The clinical manifestation is similar to neurogenic diabetes insipidus, presenting with excessive thirst and excretion of a large amount of dilute urine. Dehydration is common, and incontinence can occur secondary to chronic bladder distension. On investigation, there will be an increased plasma osmolarity and decreased urine osmolarity. As pituitary function is normal, ADH levels are likely to be abnormal or raised. Polyuria will continue as long as the patient is able to drink. If the patient is unable to drink and is still unable to concentrate the urine, then hypernatremia will ensue with its neurologic symptoms.
Nephrogenic DI (NDI) is most common in its acquired forms, meaning that the defect was not present at birth. These acquired forms have numerous potential causes.

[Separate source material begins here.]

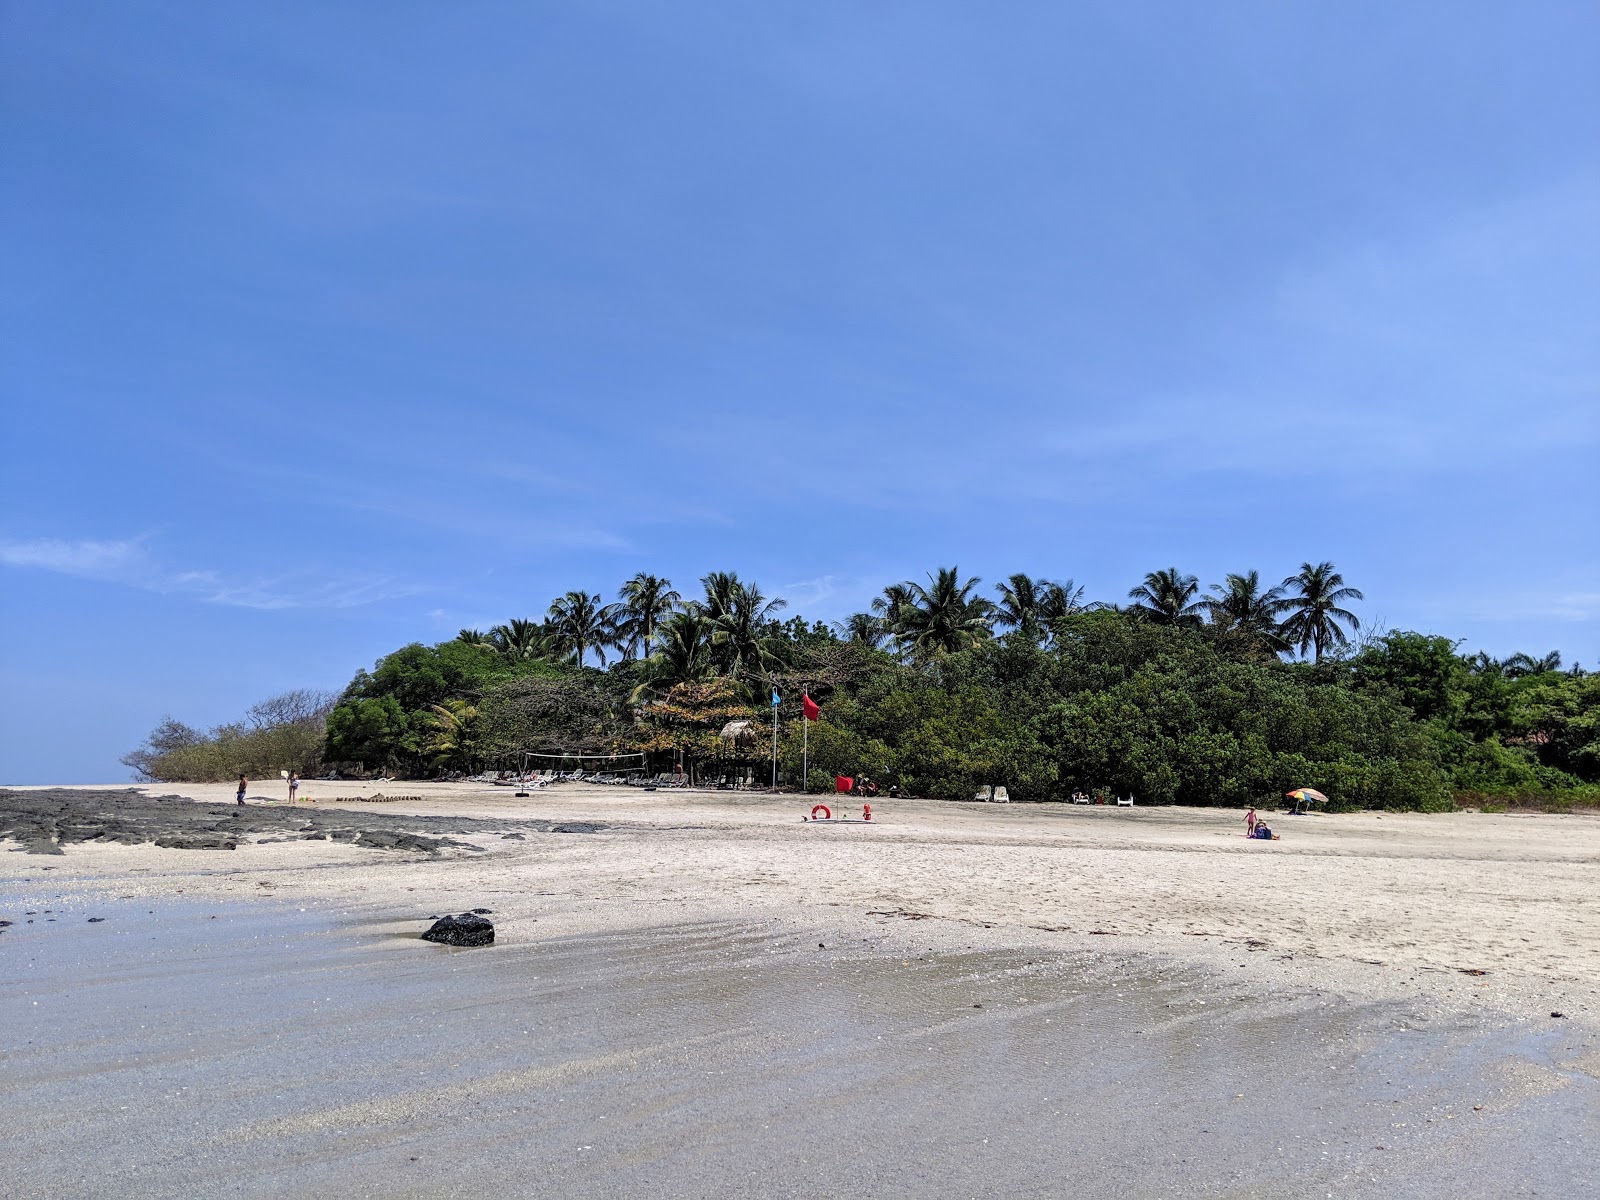 Playa Langosta'in fotoğrafı - rahatlamayı sevenler arasında popüler bir yer

The most obvious cause is a kidney or systemic disorder, including amyloidosis,polycystic kidney disease, electrolyte imbalance, or some other kidney defect.
The major causes of acquired NDI that produce clinical symptoms (e.g. polyuria) in the adult are lithium toxicity and high blood calcium.
Chronic lithium ingestion – appears to affect the tubules by entering the collecting tubule cells through sodium channels, accumulating and interfering with the normal response to ADH (ADH resistance) in a mechanism that is not yet fully understood.